Latest update: May 18, 2018
Hypersay is excited about GDPR compliance. Hypersay was originally constructed with a culture of strong data privacy and security principles that are at the heart of GDPR. Being an Education Technology company, our principles of data privacy and security are vital to our growth.
That being said, we still want to detail and justify every piece of data we collect from our users. The table below goes through each piece of data we collect and the reasons we do so.
Hypersay collects a variety of information that you provide directly to us. We process your information when necessary to provide you with the Service that you have requested when accepting our Terms of Service, or where we have obtained your prior consent, or where we have a legitimate interest to do so. For example, we may have a legitimate interest to process your information for security, testing, maintenance, and enhancement purposes of the Services we provide to you, or for analytics, research, and reporting purposes. Without your information, we cannot provide you with the Services you have requested or you may be limited in your use of the Services.
We do not collect any sensitive personal information such as health-related information, racial or ethnic origin, political opinions, religious beliefs, trade union activities, or sexual life.
Learn Forward is the “data controller” of all personal information that is collected on behalf of and used by Hypersay customers.
|Personal Data||Why we need it|
|Your primary e-mail address||We must know your e-mail address so that we can distinguish you from other users of the website and allow you to sign in and establish a bi-directional communications with you. This information is private and it won’t be shared or made public.|
|Secondary email addresses||Sometimes you use multiple email addresses with your social media accounts. If you have a different email address on LinkedIn or Facebook and you connect with that account, we store it so that we know it is you. If you later sign in with any of the e-mail addresses. This information is private and it won’t be shared or made public.|
|Your name and nickname||When you upload a document, you host a live session or participate in one, you become a part of a small community. This community is able to see your name and your nickname. You can change your nickname per session. Although we won’t advertise this information, others, including in some cases the general public may see your name. You can change your name at any time (although we don’t recommend using anything else besides your real name)|
|Profile picture||Our platform is aimed to make communication more effective and humans like to see each other’s faces.

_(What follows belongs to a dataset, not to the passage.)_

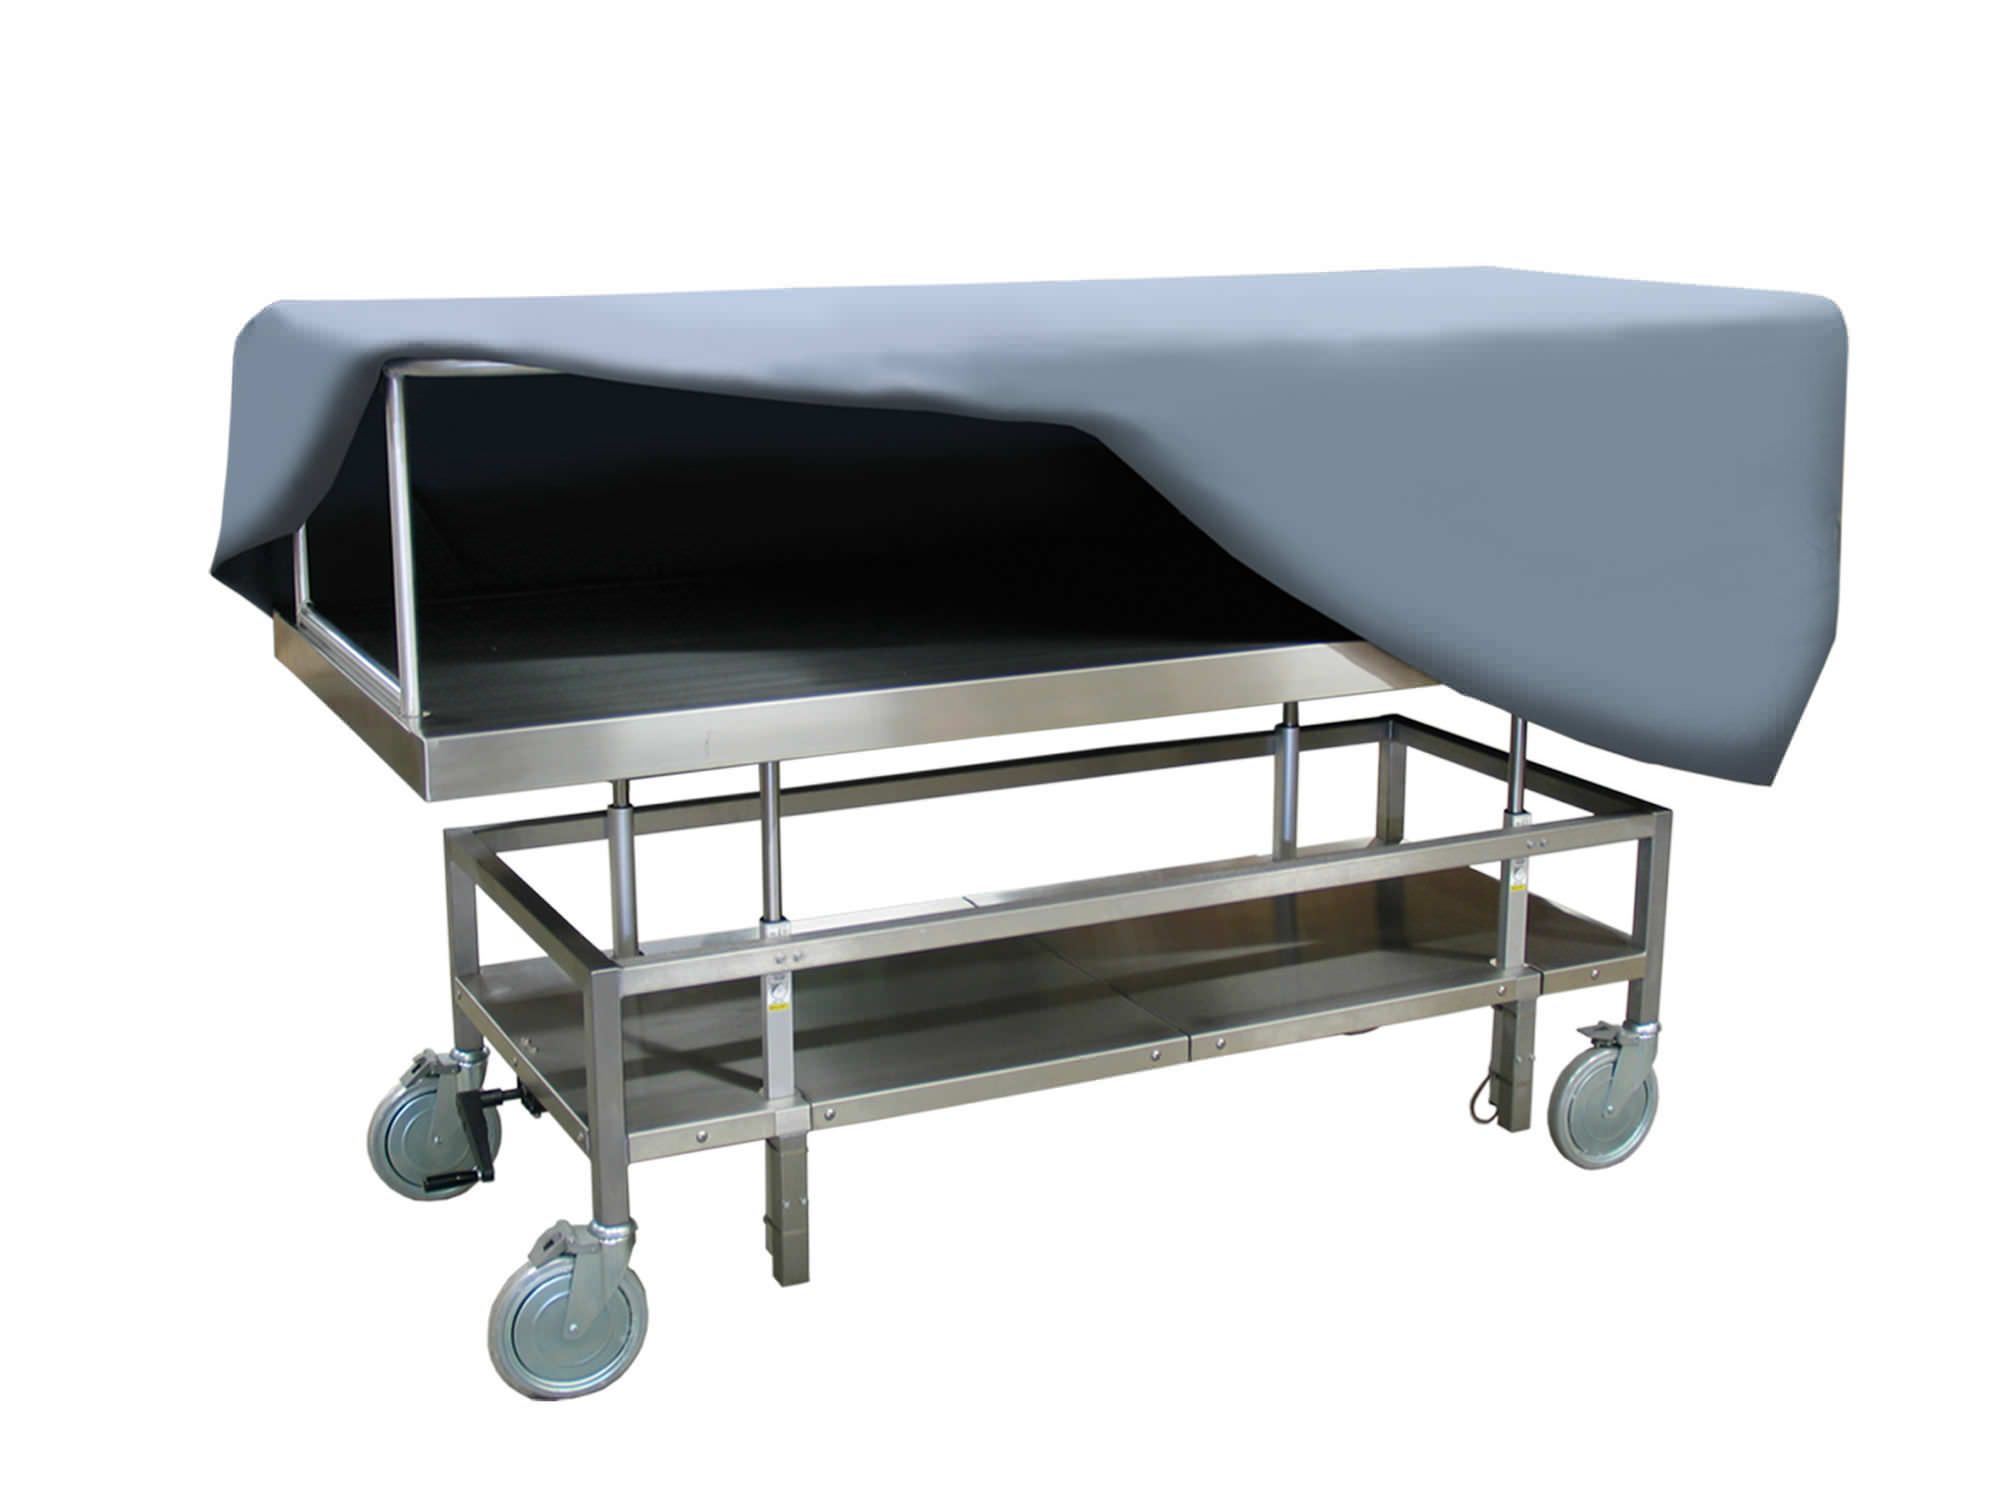 Transport trolley / mortuary / stainless steel 600039-1K Mortech Manufacturing

We show your profile picture in live sessions participants list and also to show who answered a question. This data has the same policy and nature as your name. You can change it at any time.|
|Social media unique identifiers||We need this information to allow your login with different social networks (such as Google, Facebook or Linkedin). These identifiers are stored privately and securely in our database and will not be transmitted, shared or made public at any time.|
|Browser token||This is a short password-like string of characters that we use to identify and sign you into our platform and then remember who you are when you open your browser again. This information is securely stored in your browser and deleted when you log out.|
|Your unique user ID||This is an identifier we securely store in our database and it makes possible that you can change your email address while keeping all of your data. It is not used for processing and it will not be transmitted, shared or made public at any time.|
|Login IP||We store this address to detect fraudulent login attempts. We also process this address to create anonymous statistics about the countries and cities where Hypersay is used to help us with understanding how to localise it better.|
|Login history||We store your logins history (just the date) so that we can offer you an audit trail in case you suspect somebody is using your account without your permission|
|Your Answers||We store your answers to the interactive elements (such as quizzes, open ended questions or taps on images). We share them with you and the presenter. The presenter can show them to the audience, but your answers are not publicly available, nor indexable. We might publish summarized public statistics that are not identifiable and completely anonymous (e.g. the number of answers given for a specific question, or for a specific session or for the entire Hypersay platform)|
|Answer histories||We store your answer histories (for example how your answer changes for a quiz) so that we can provide an audit trail and undo functionality. We don’t share the the data publicly or with the presenter, but we might chose to process it for totals and statistics (e.g. for a presenter we might have the option to show “on average your participants changed their mind X times for this quiz”)|
|Documents you upload|
We securely store a copy of the files you upload so that you can revisit them . We don’t make the file public and we do not and will not process the file outside the scope of Hypersay’s purposes. You would not be able to find your uploaded document by using a Google search. The only way to access documents you upload is by knowing the session code.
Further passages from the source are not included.